Dynamic NMR studies of perfusion and oxidative metabolism during focal brain activation.

Together, the present results on oxygenation, flow, and metabolism indicate that the prevalence of nonoxidative glycolysis and associated lactate production during the initial phase of activation is replaced by the upregulation of oxidative glucose consumption (see sketches in Fig. 5). Following rapid circulatory changes the gap between oxygen availability and oxygen consumption gradually closes until a recoupling of perfusion and oxidative metabolism is achieved a few minutes after switching the state of neural activity.

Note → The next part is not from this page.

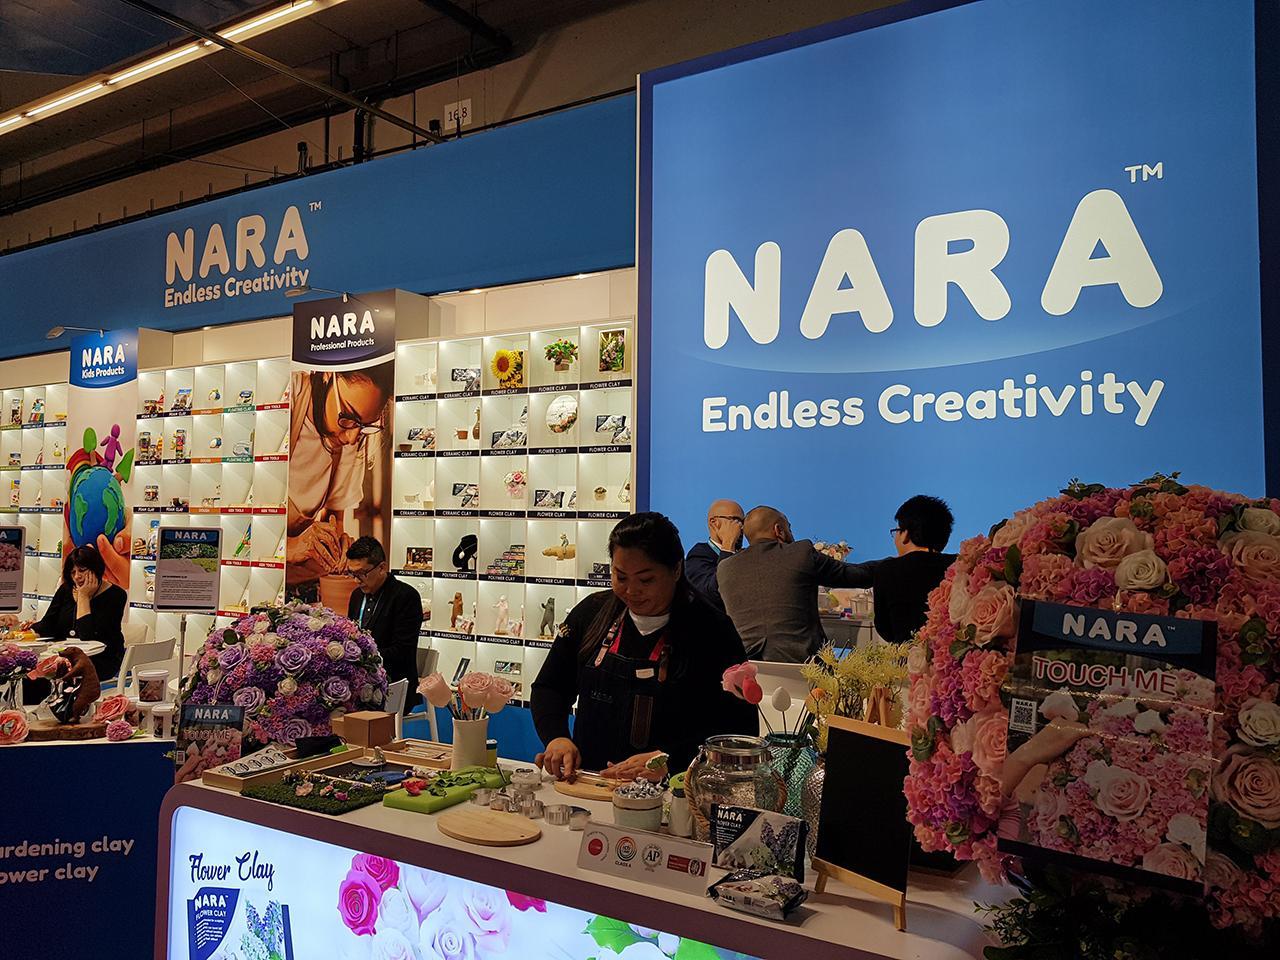 """สินค้าดินน้ำมันและอุปกรณ์เกี่ยวกับงานปั้น แบรนด์ """"NARA"""" ของ บ.นารา โกลบอล จำกัด จากประเทศไทย ได้รับความสนใจจากผู้เข้าชมงาน."""

While brain glucose and lactate concentrations reflect an initial prevalence of anaerobic glycolysis, the changes in blood oxygenation suggest that the rapid adjustment of blood flow (enhanced oxygen delivery) is followed by a slower upregulation of oxidative metabolism (enhanced oxygen consumption). The physiological uncoupling of perfusion and oxidative metabolism emerges as a transient phenomenon in response to both onset and end of stimulation. Recoupling at enhanced cerebral metabolic rates of oxygen (CMRO2) and glucose occurs a few minutes after switching the state of neural activity. Since glycolysis takes place primarily in astrocytes, the stimulus-related increase and decrease of lactate seen here may reflect a transfer of astrocytic lactate to neurons where it is converted into pyruvate and channelled into oxidative phosphorylation. This model of metabolic responses to functional activation is supported by a recently detected pathway for glutamate-stimulated glycolysis in astrocytes that provides a simple mechanism linking astrocytic glucose utilization to neuronal activity (Pellerin and Magistretti, 1994). In summary, evidence has accumulated that the physiological uncoupling of perfusion and oxidative metabolism associated with the onset of functional activation is a transient phenomenon leading to an only temporal mismatch of oxygen delivery and consumption. Recoupling at enhanced though balanced levels of glucose and oxygen consumption is most remarkably documented by the pronounced "negative" uncoupling at the end of stimulation.